__WORK TO BE COMPLETED__
Give back the whole listing exactly as written, leaving out each picture.

__DATA BELOW__
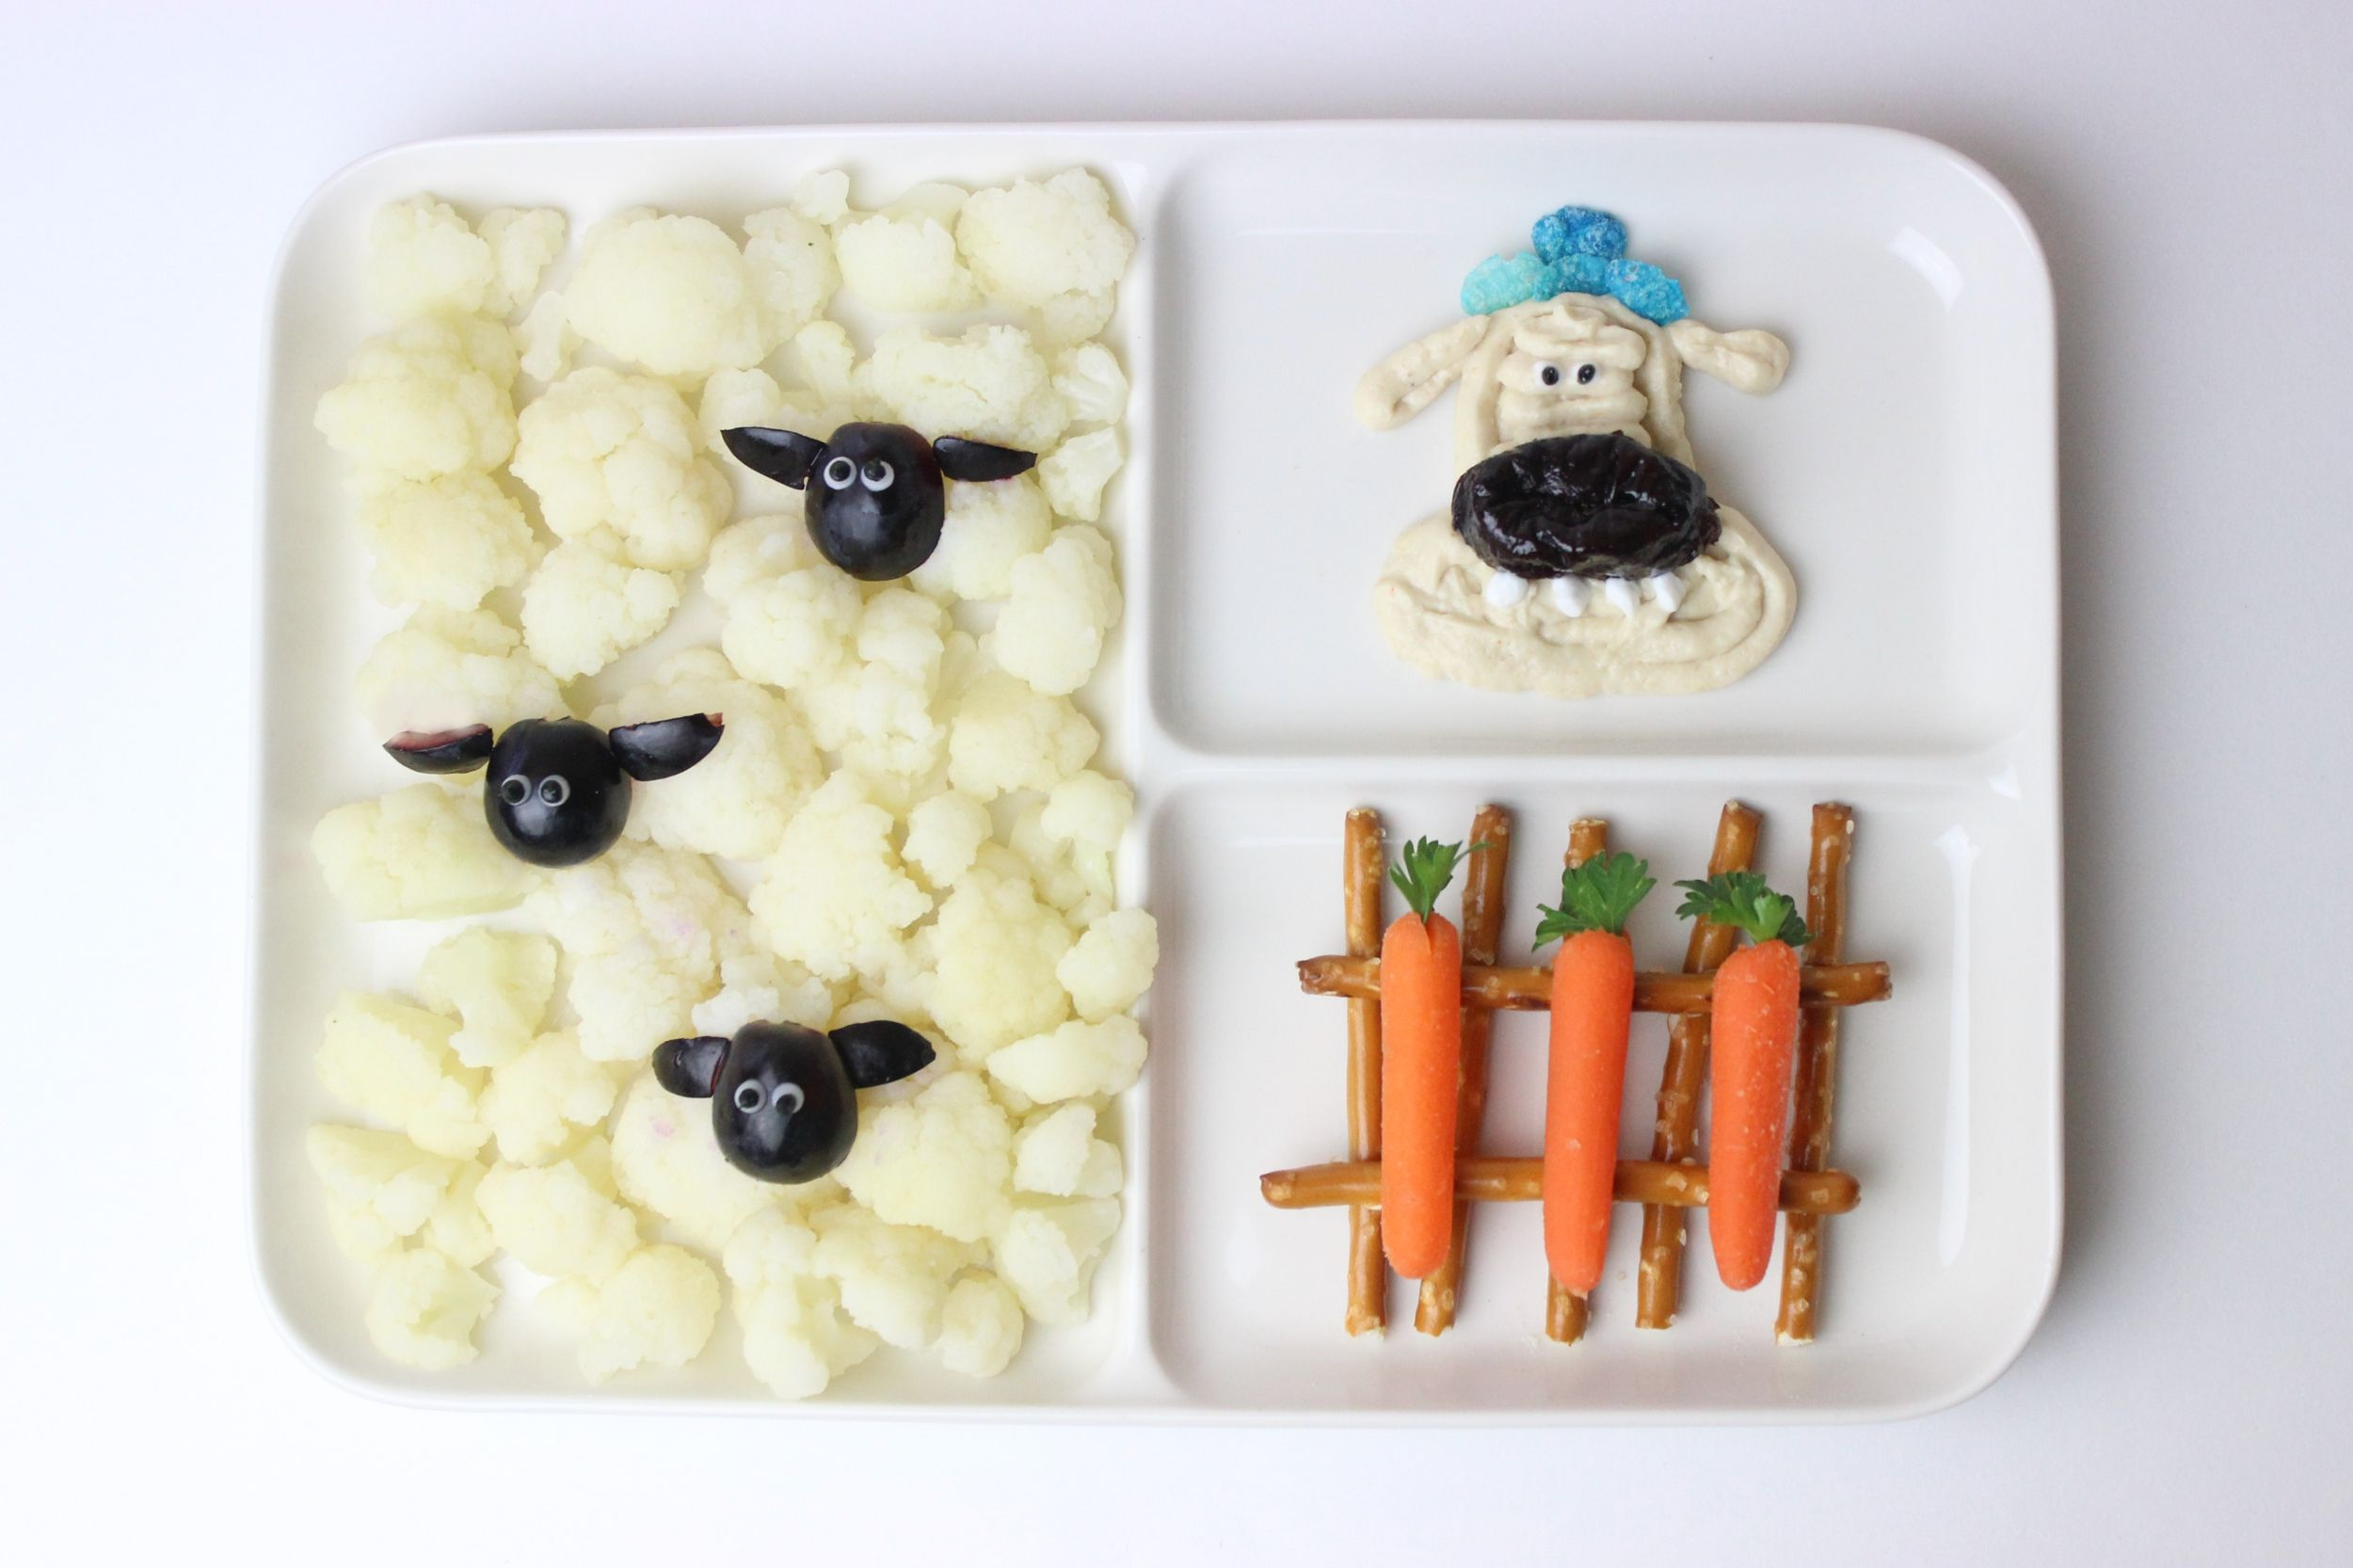 Shaun the Sheep snack
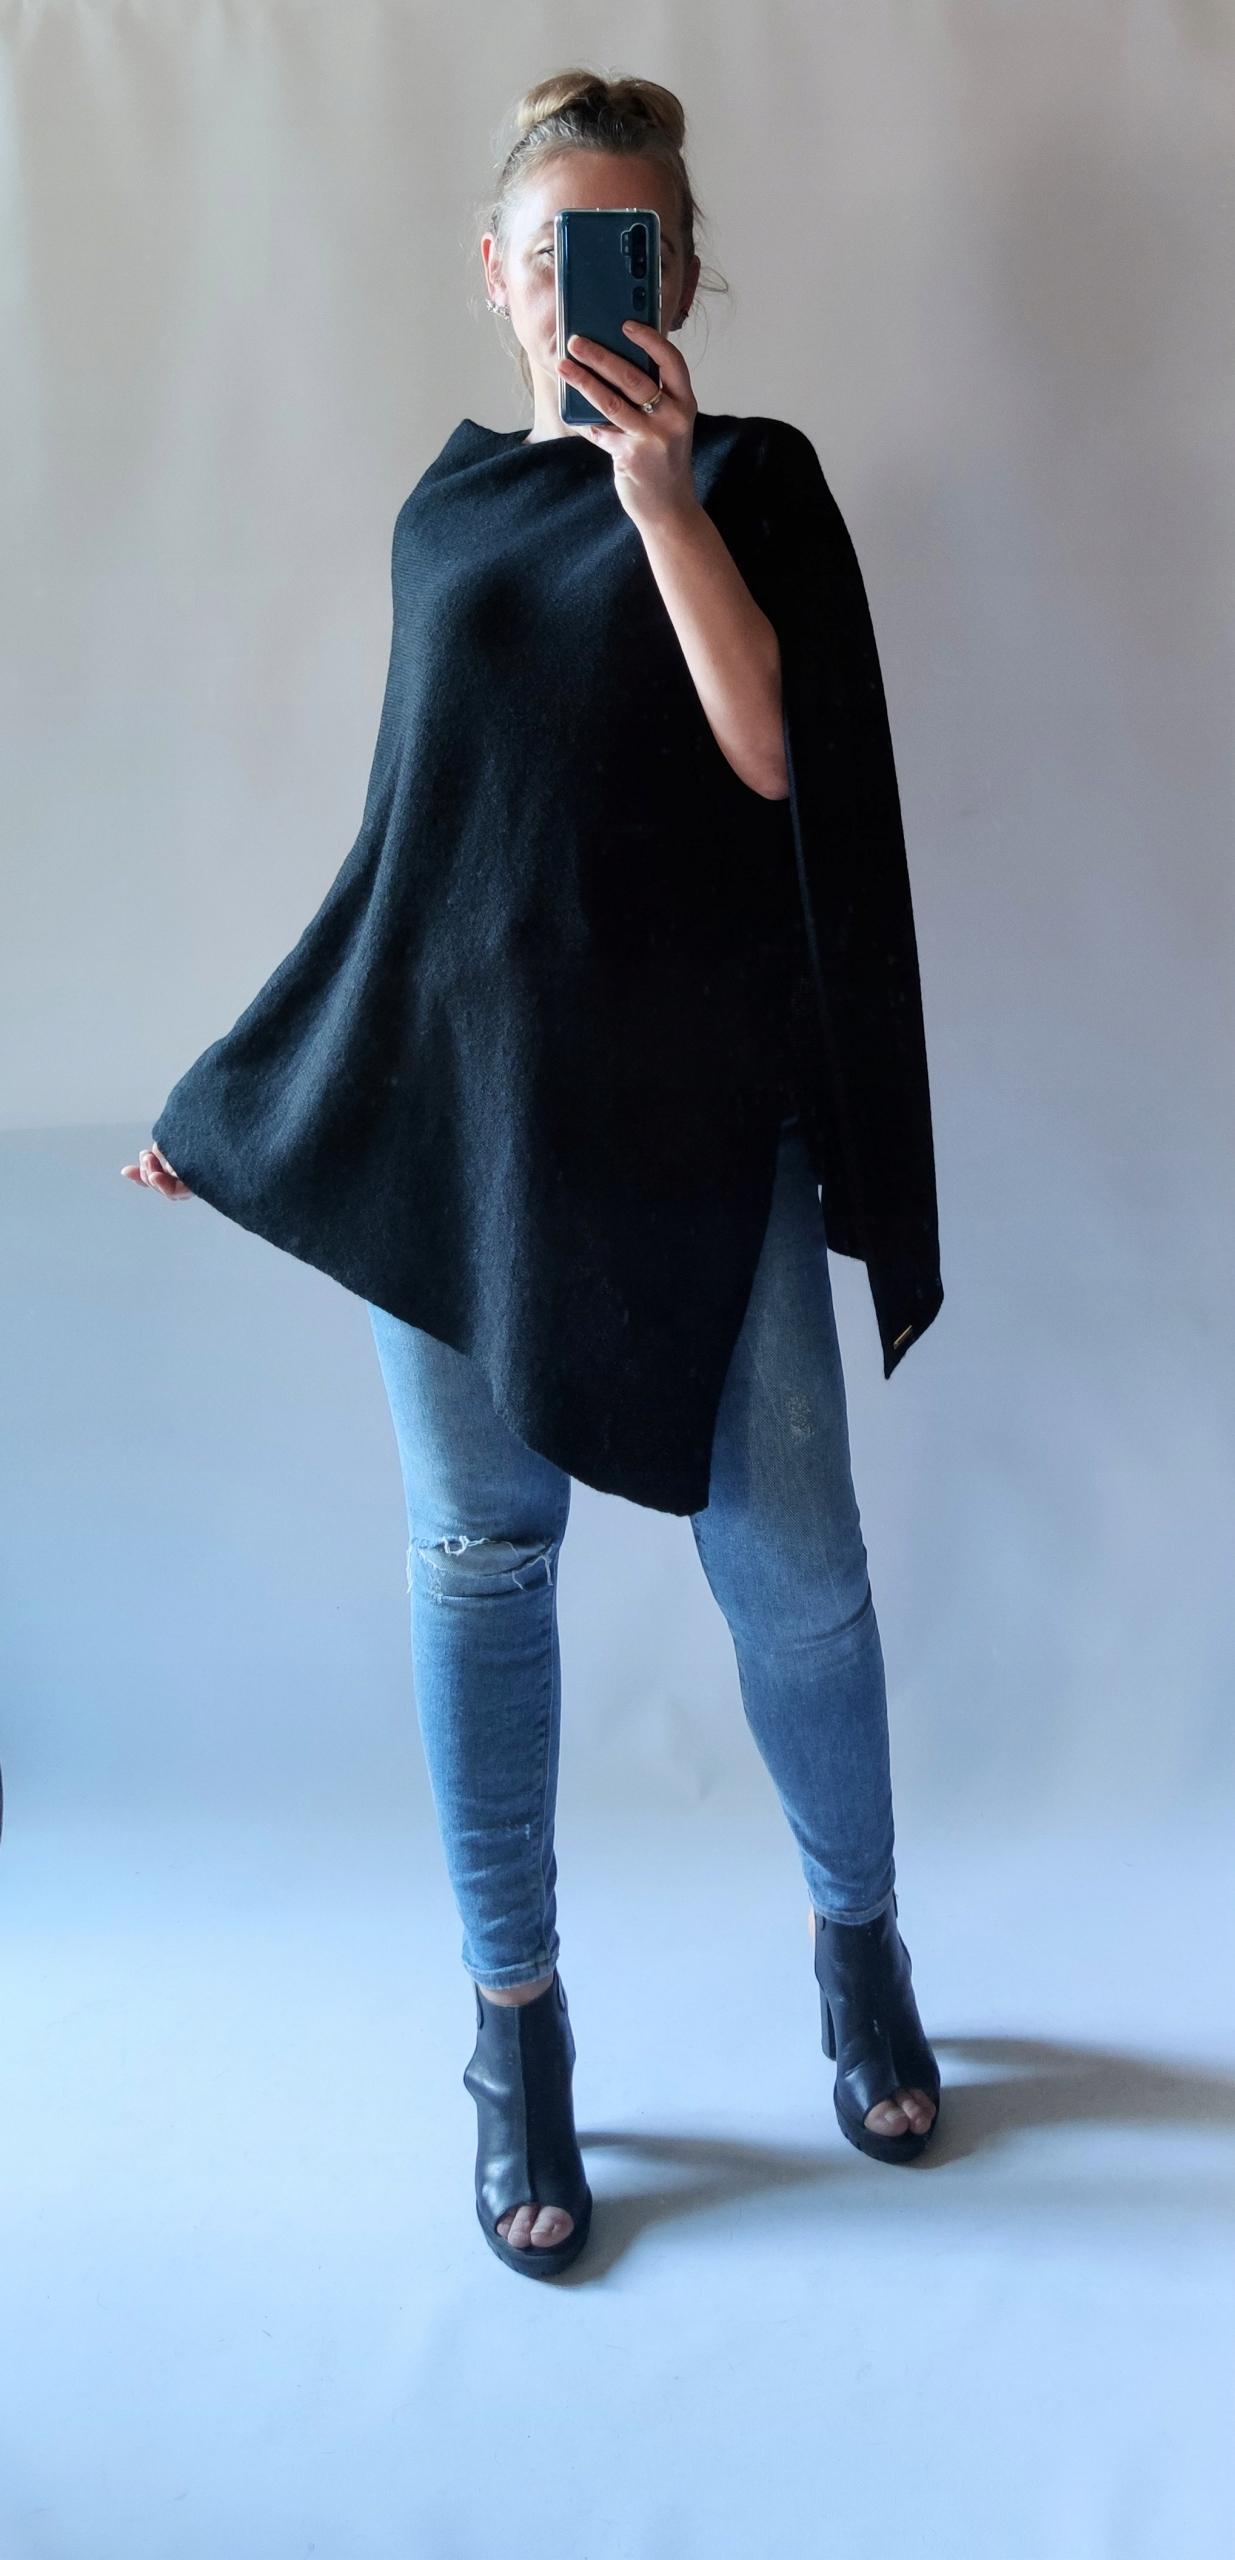 Ponczo,narzutka,sweter. 8544652042 - Allegro.pl
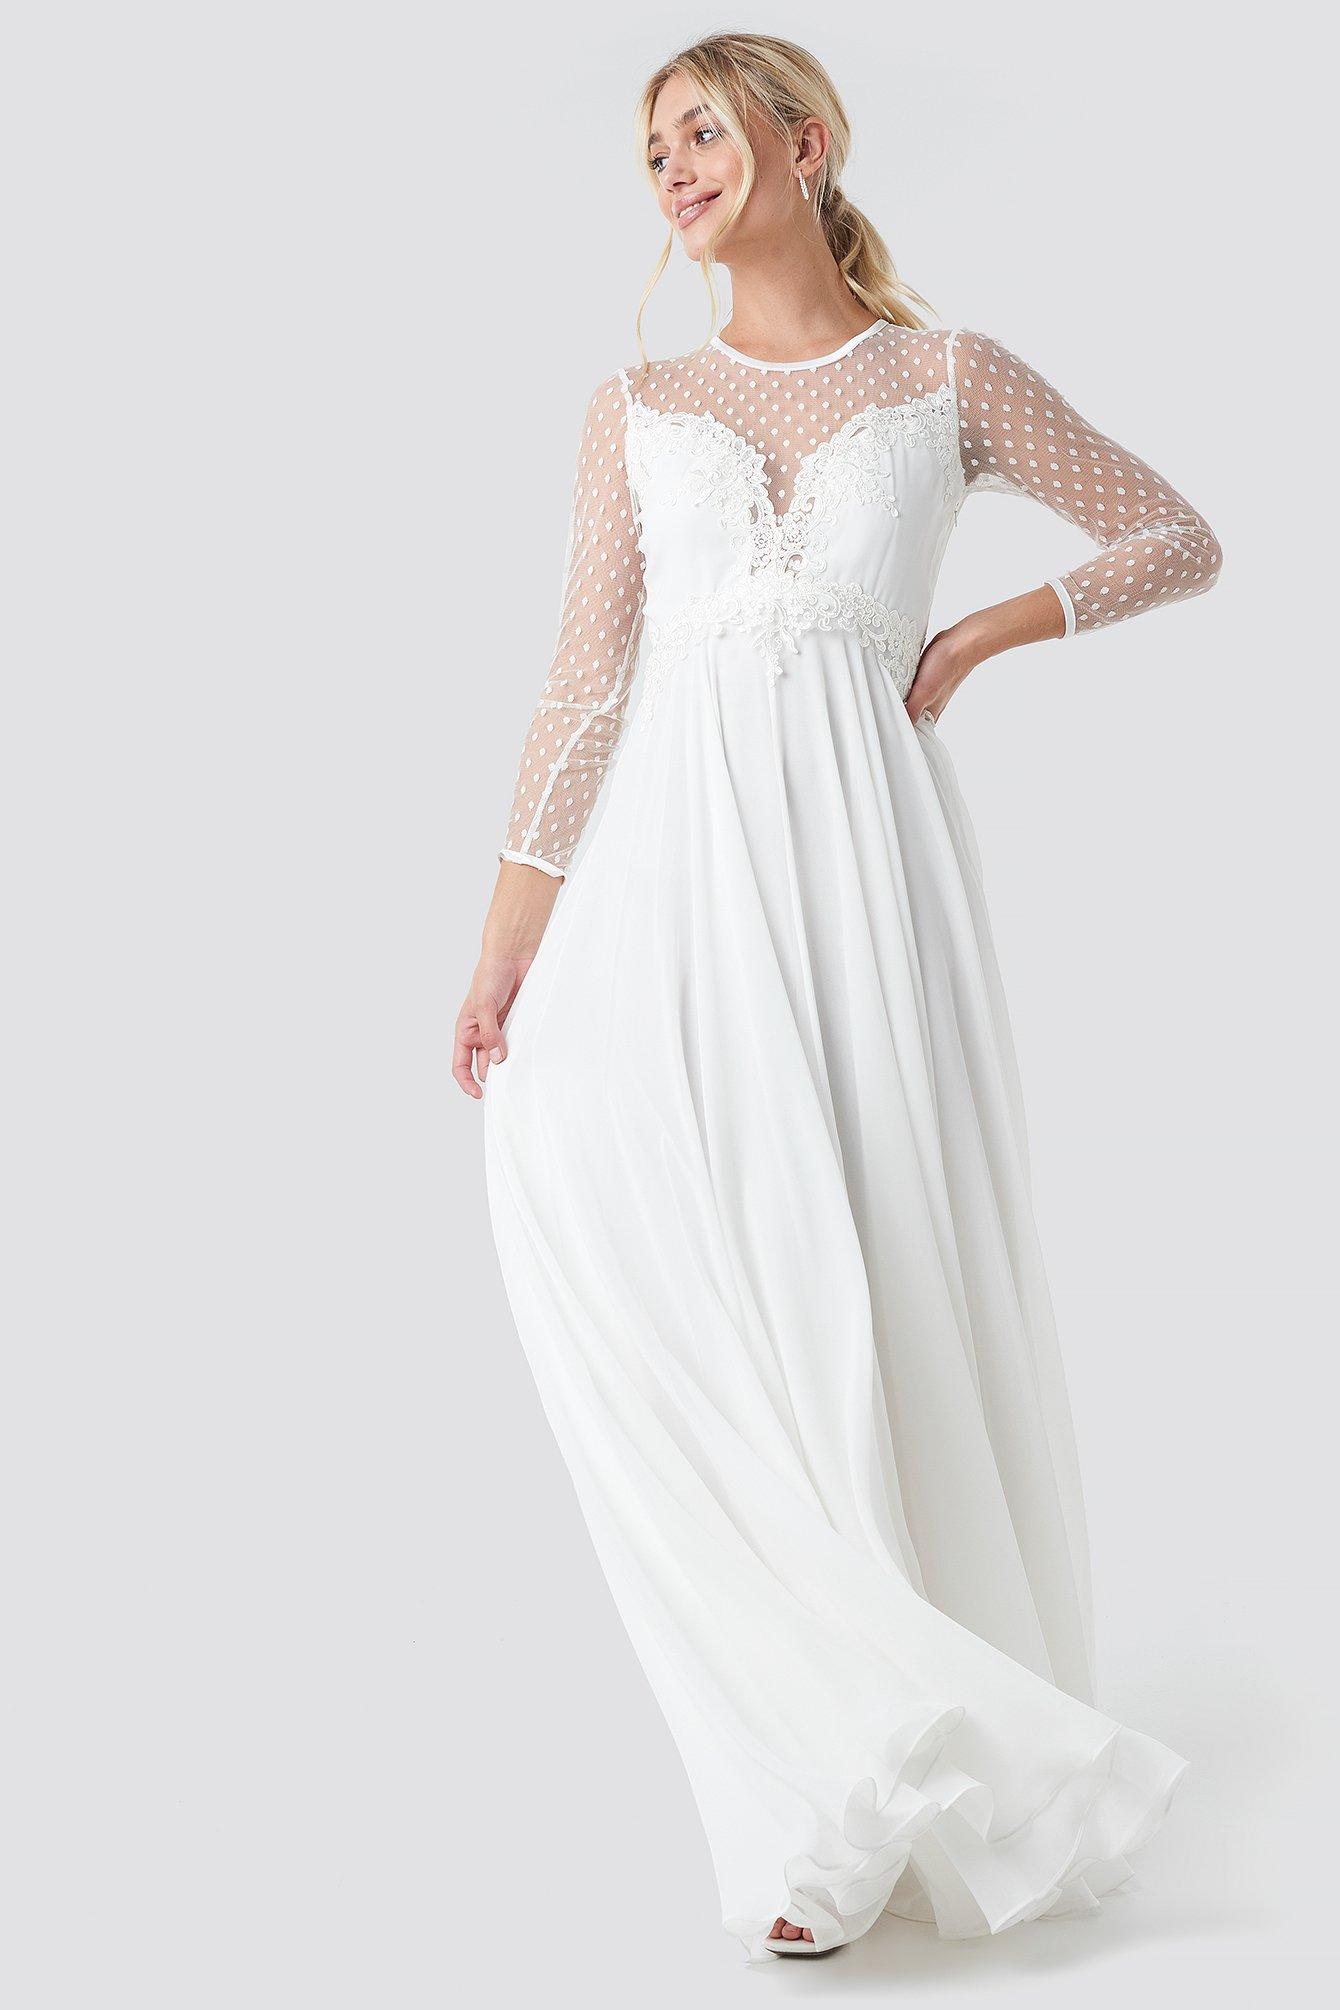 Ida Sjöstedt Alicia Dress - White

__FINAL ANSWER__
 Shaun the Sheep snack
 Ponczo,narzutka,sweter. 8544652042 - Allegro.pl
 Ida Sjöstedt Alicia Dress - White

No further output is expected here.